Some patients with TAO present with muscle enlargement as the dominant feature of their orbital disease. The muscles of other patients appear normal in volume, but some of these individuals present with evidence of enlargement of the posterior orbital connective/adipose tissue depot and develop optic neuropathy (23). Although the connective tissue-derived fibroblasts of the orbit have been studied extensively by several groups of investigators, those from the extraocular muscles have received little attention.

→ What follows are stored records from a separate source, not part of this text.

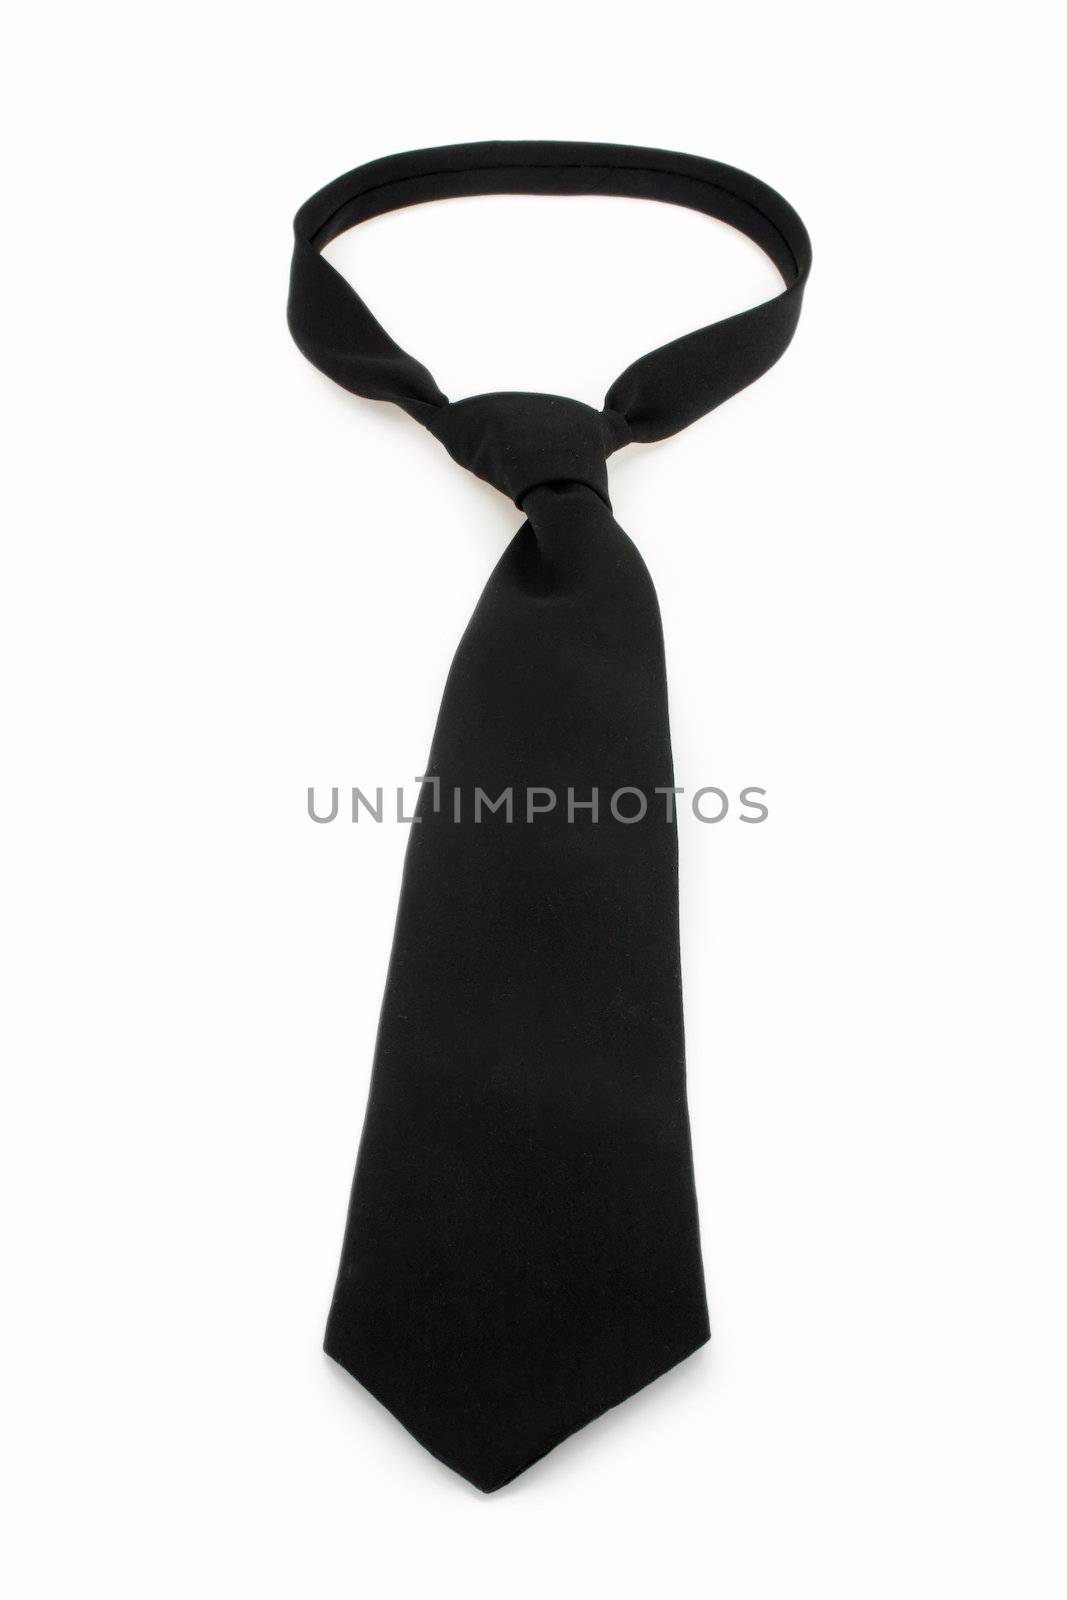 Black necktie by Teamarbeit
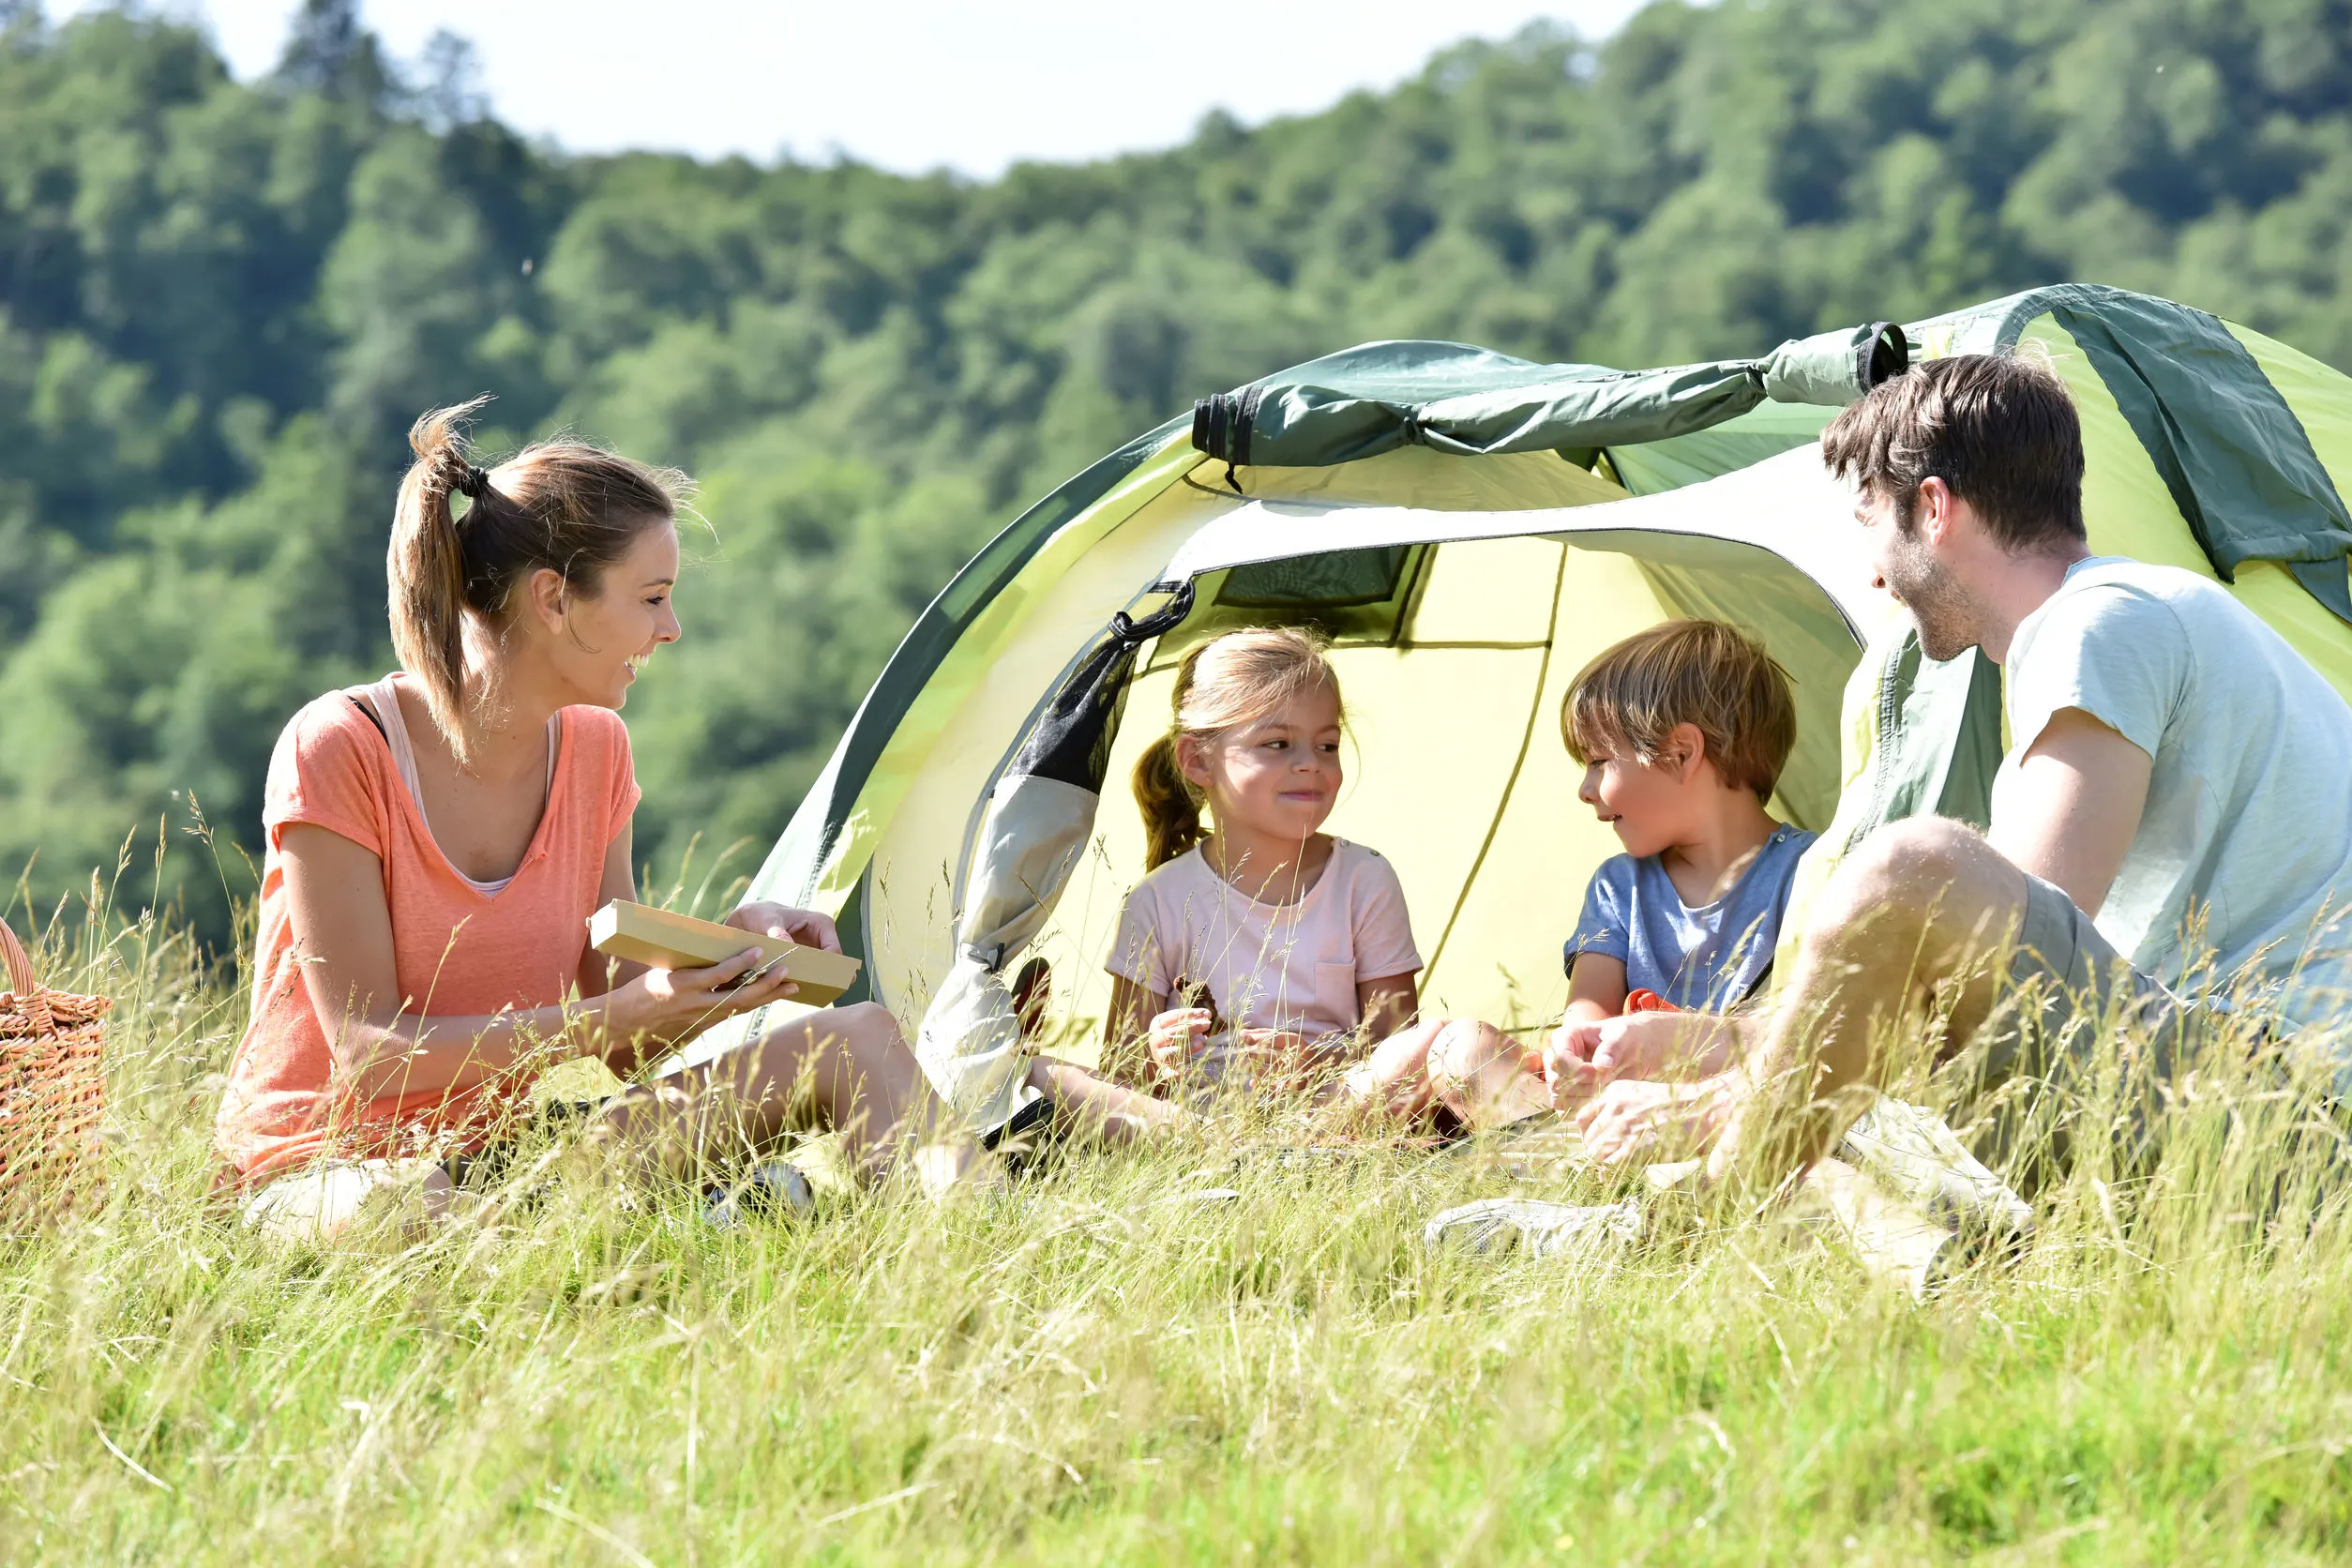 Top 17 hippe natuur campings met kinderen in Nederland - Mamaliefde.nl
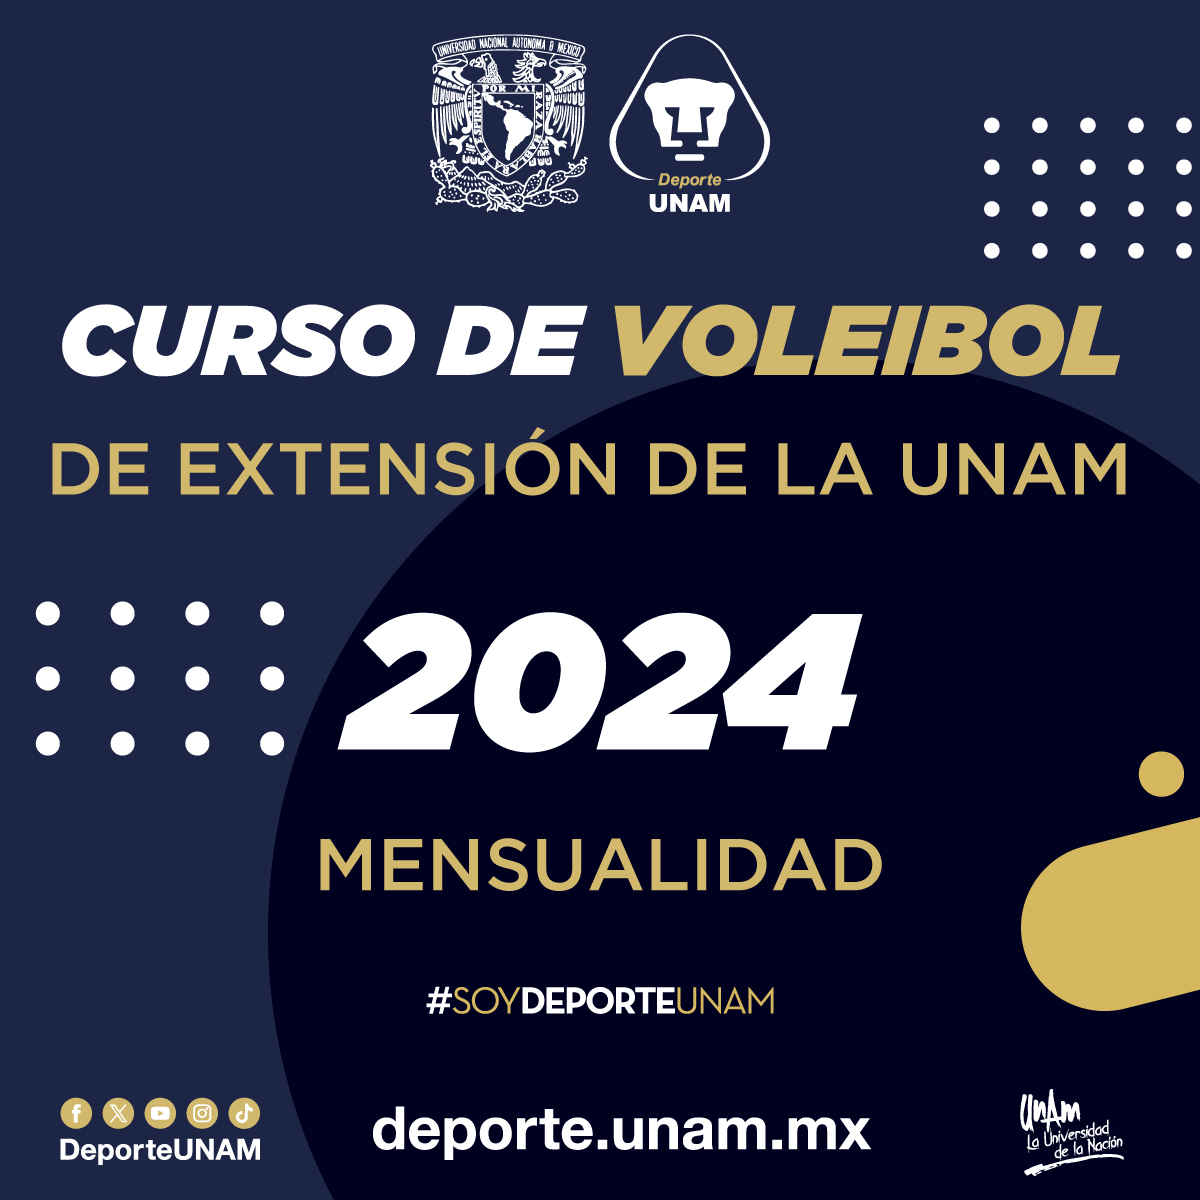 CURSO DE VOLEIBOL DE EXTENSIÓN DE LA UNAM 2024 MENSUALIDAD

Kiljanski et al. (24) have long focused their efforts on defining the primary importance of the muscle fibers in the pathogenesis of TAO. But most of the evidence generated to date would support the notion that the muscle fibers are spared until very late in the disease process (16) when they may become the casualty of fibrosis. Thus, most authorities now attribute the muscle dysfunction associated with TAO to the misdeeds of perimysial fibroblasts. To our knowledge, few studies have appeared comparing these fibroblasts with those from the connective/adipose tissue of the orbit. Potential differences in the two populations of fibroblasts, such as their adipogenic potential, could underlie the differences among patients with regard to the anatomic distribution of orbital disease manifestations.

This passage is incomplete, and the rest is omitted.